The 2019 Reed Bank incident occurred when F/B Gem-Ver, a Philippine fishing boat anchored in Reed Bank in the South China Sea, sank after it was rammed by a Chinese vessel, Yuemaobinyu 42212, during the early morning hours of 9 June 2019. The stricken vessel's crew was later rescued by a Vietnamese fishing vessel.

An independent investigation by Philippine authorities later determined that the Chinese vessel involved in the incident failed to undertake measures to avoid colliding with the F/B Gem-Ver and abandoned the stricken boat's crew in violation of maritime laws.

==Background==

F/B Gem-Ver sailed from San Jose, Occidental Mindoro, on 29 May 2019, with 22 crewmen led by captain Junel Insigne.

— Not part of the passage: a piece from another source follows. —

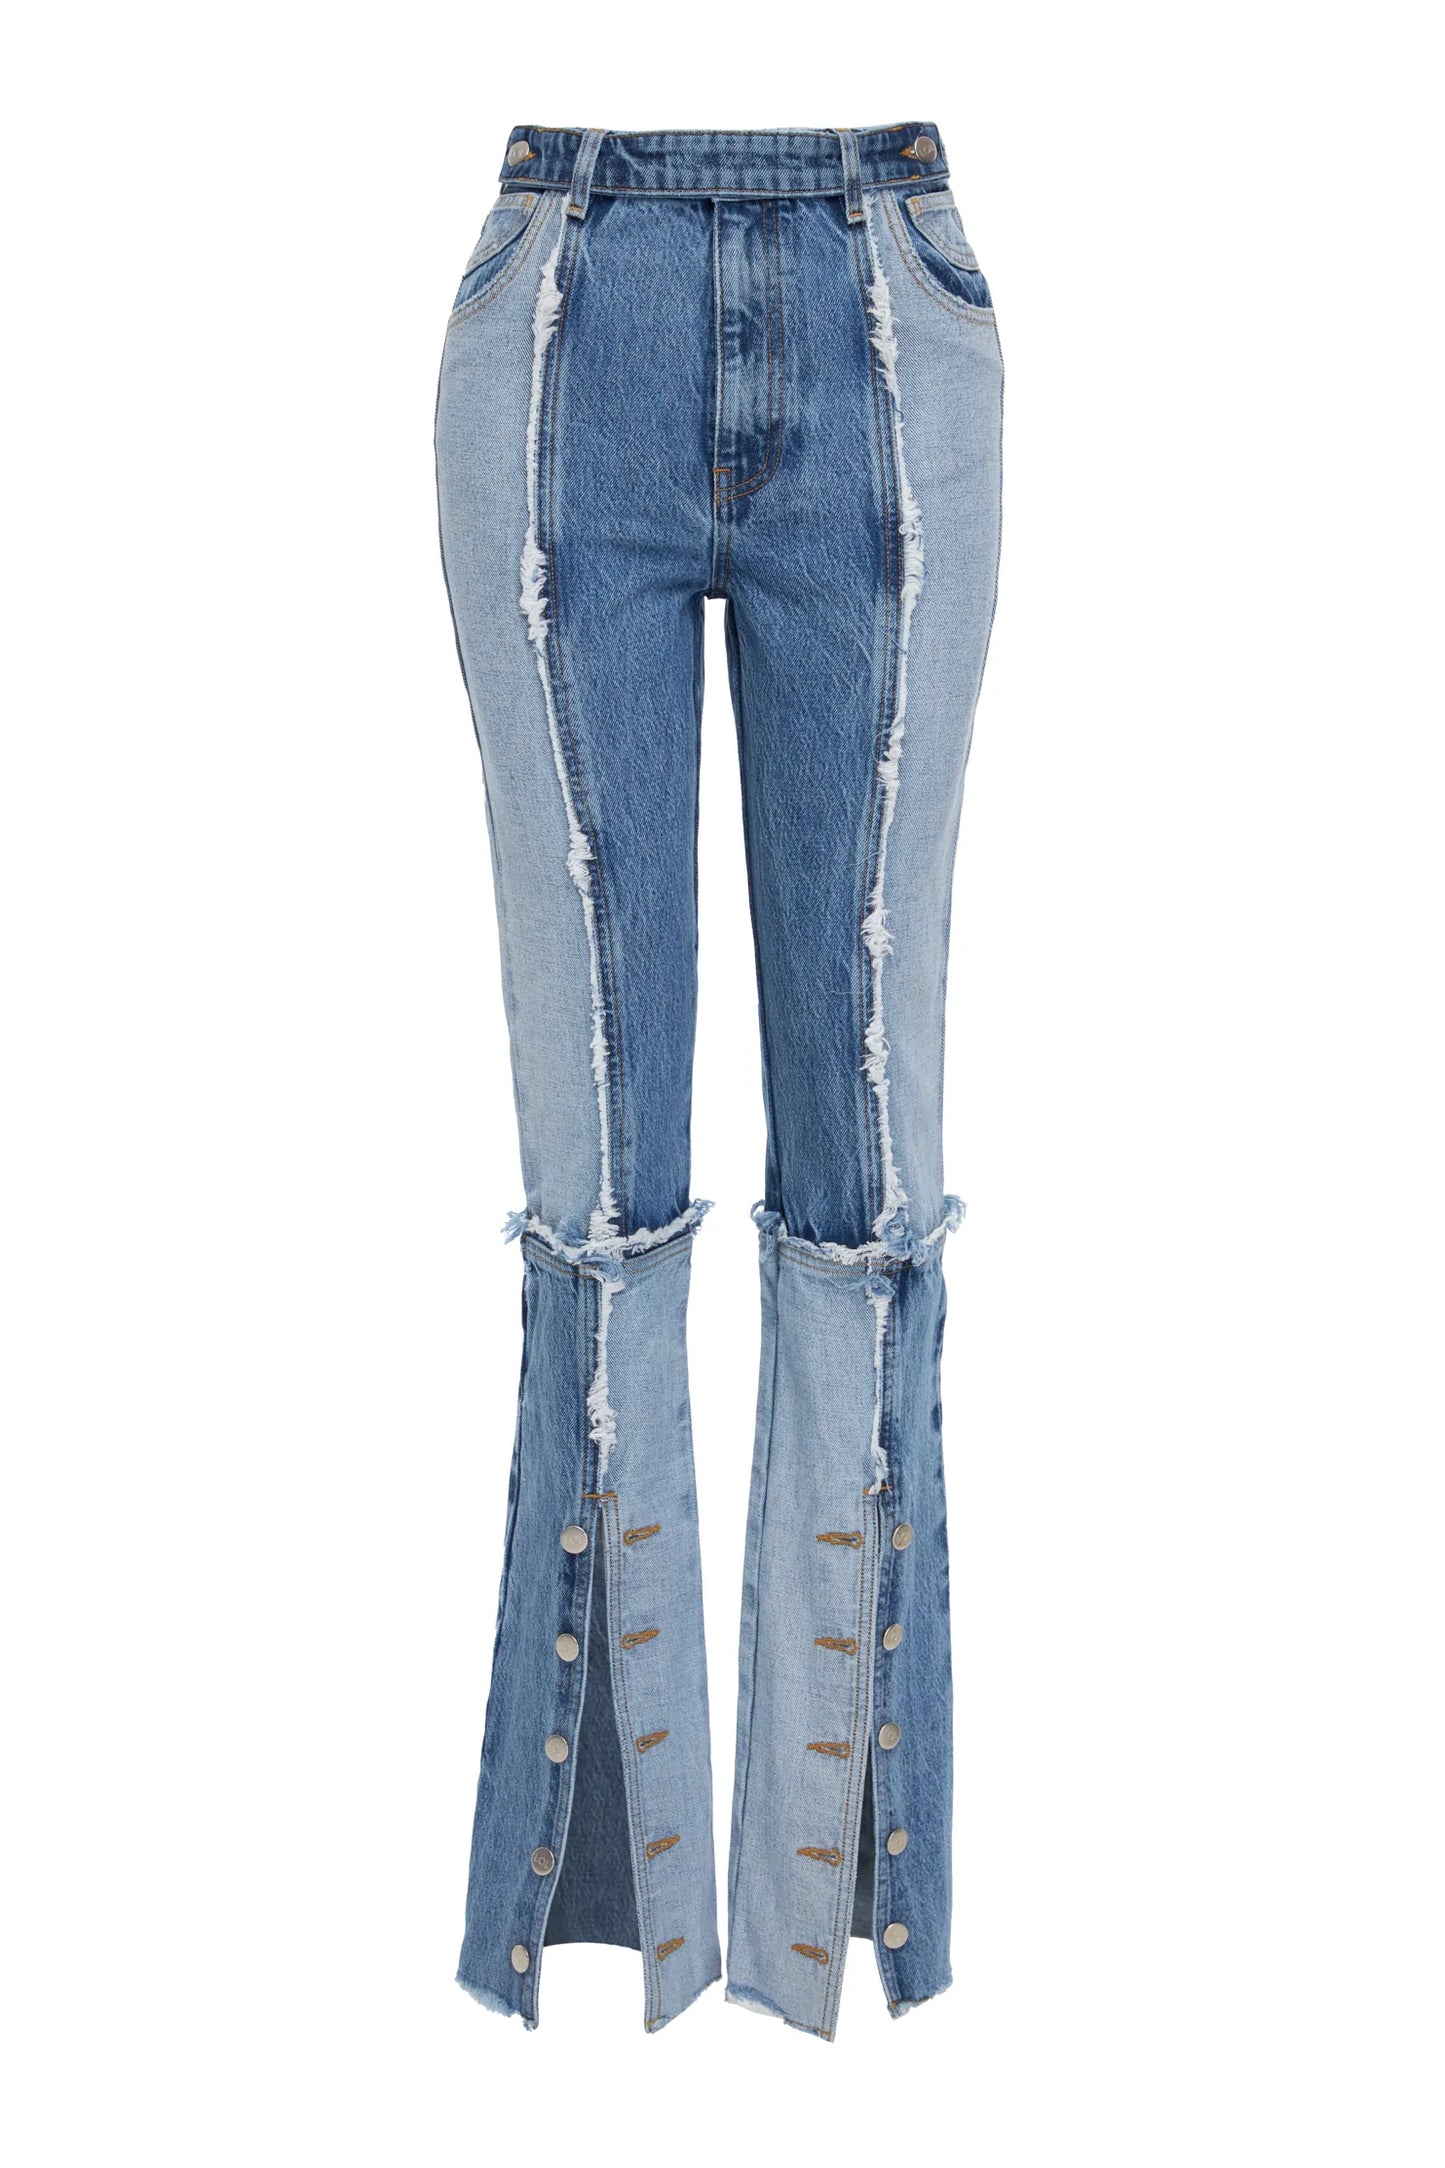 Bella - Blue Jeans

The vessel was rammed and sunk on 9 June 2019 by another ship described as Chinese by the crew while anchored near Reed Bank in the South China Sea. The whole sea is claimed by China as its territory, while a 2016 arbitration ruling determined the area to be within the Philippines' exclusive economic zone.

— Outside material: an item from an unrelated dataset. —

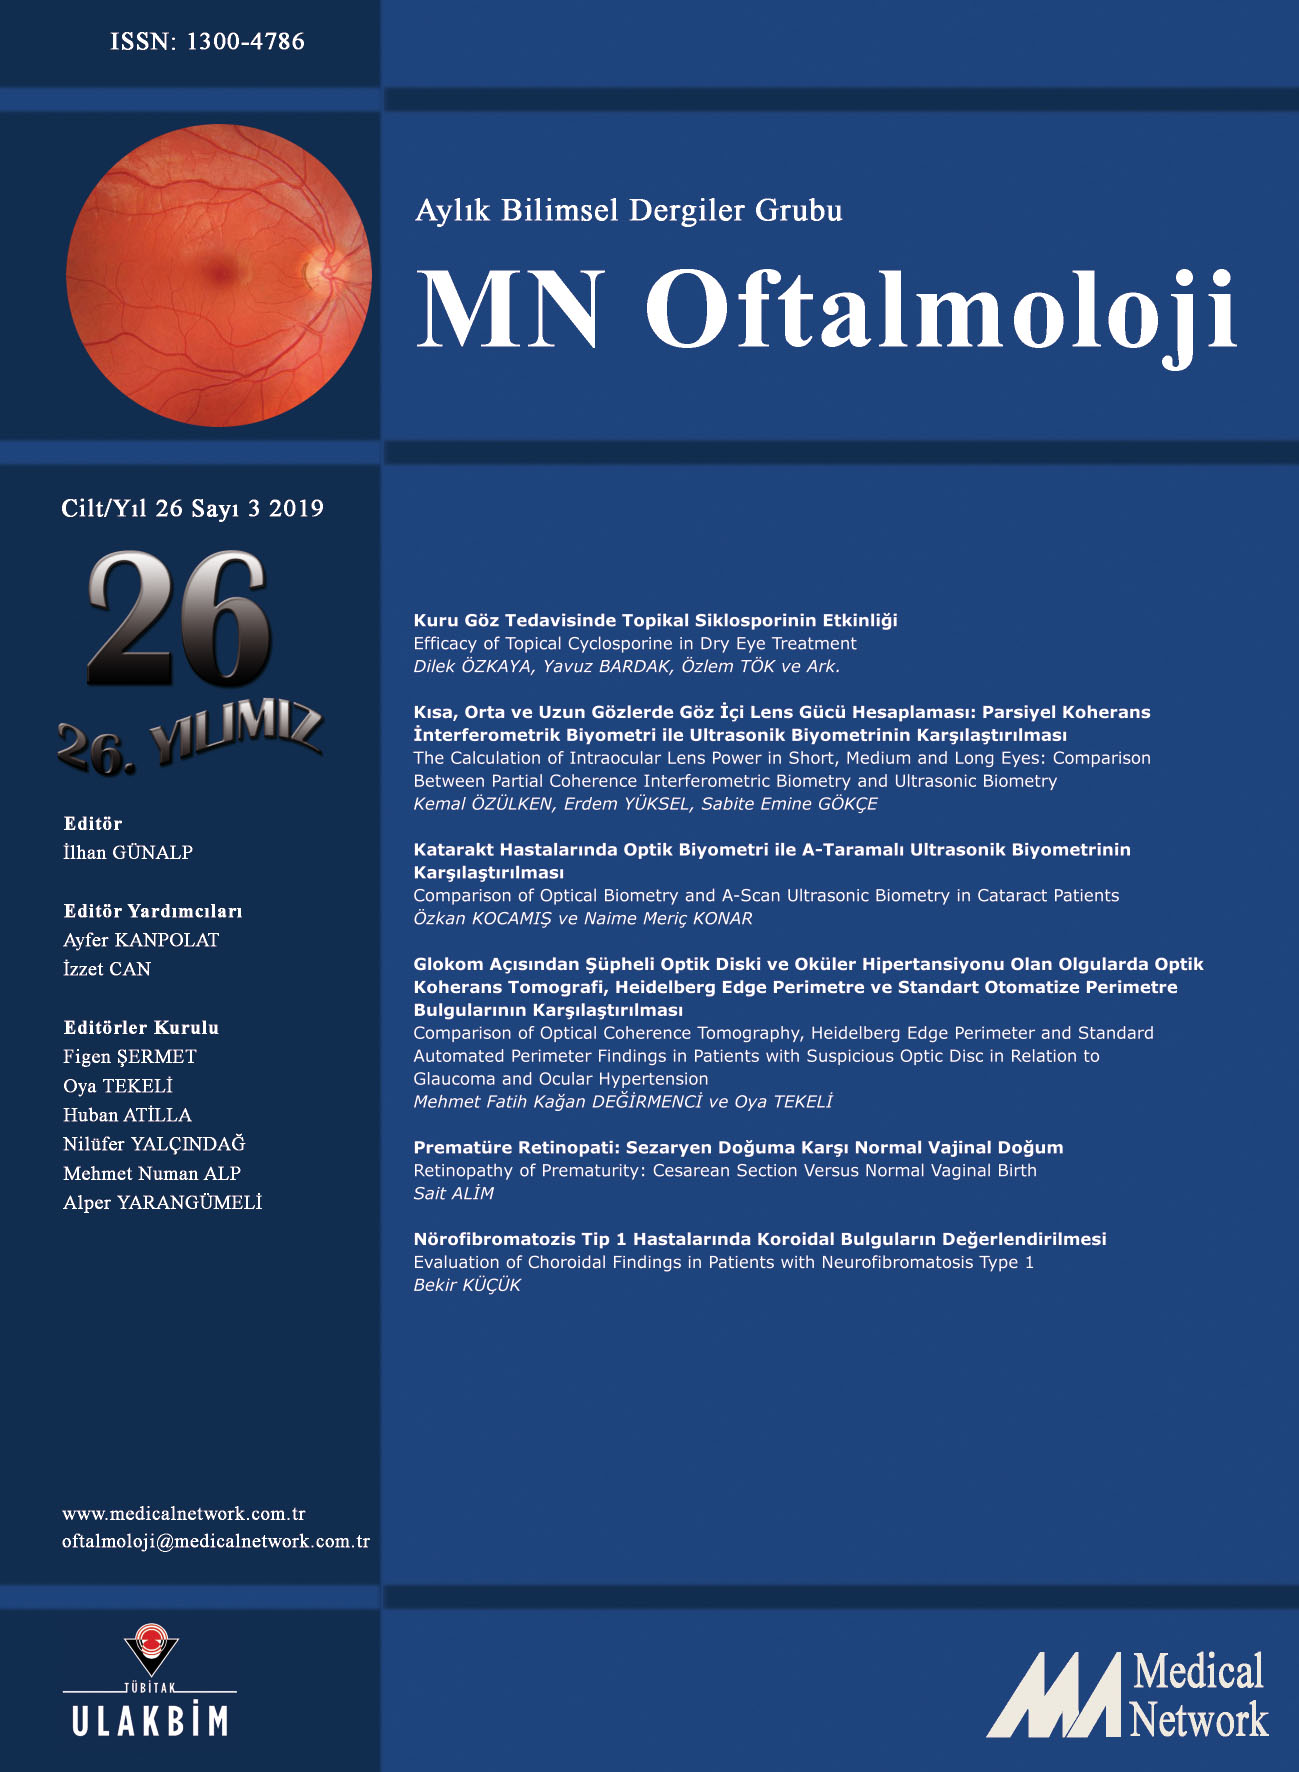 <p>MN Oftalmoloji Cilt: 26 Say: 3 2019 (MN Ophthalmology Volume: 26 No 3 2019)</p>

The ship that rammed F/B Gem-Ver left the crew floating at sea. Two of the crewmen managed to reach TGTG-90983-TS, a Vietnamese fishing vessel, after two hours of paddling; the rest of the crew were later rescued by this Vietnamese vessel, which sailed from Tiền Giang Province, Vietnam, in the southern Mekong Delta. The Filipino crewmen were turned over to the Philippine Navy and were taken aboard BRP Ramon Alcaraz. All but one of the 22 crew members returned home to San Jose, Occidental Mindoro, on 14 June 2019. A lone crewman was left behind to oversee the towing of the barely floating wreckage of their wooden boat back to its home port in San Jose.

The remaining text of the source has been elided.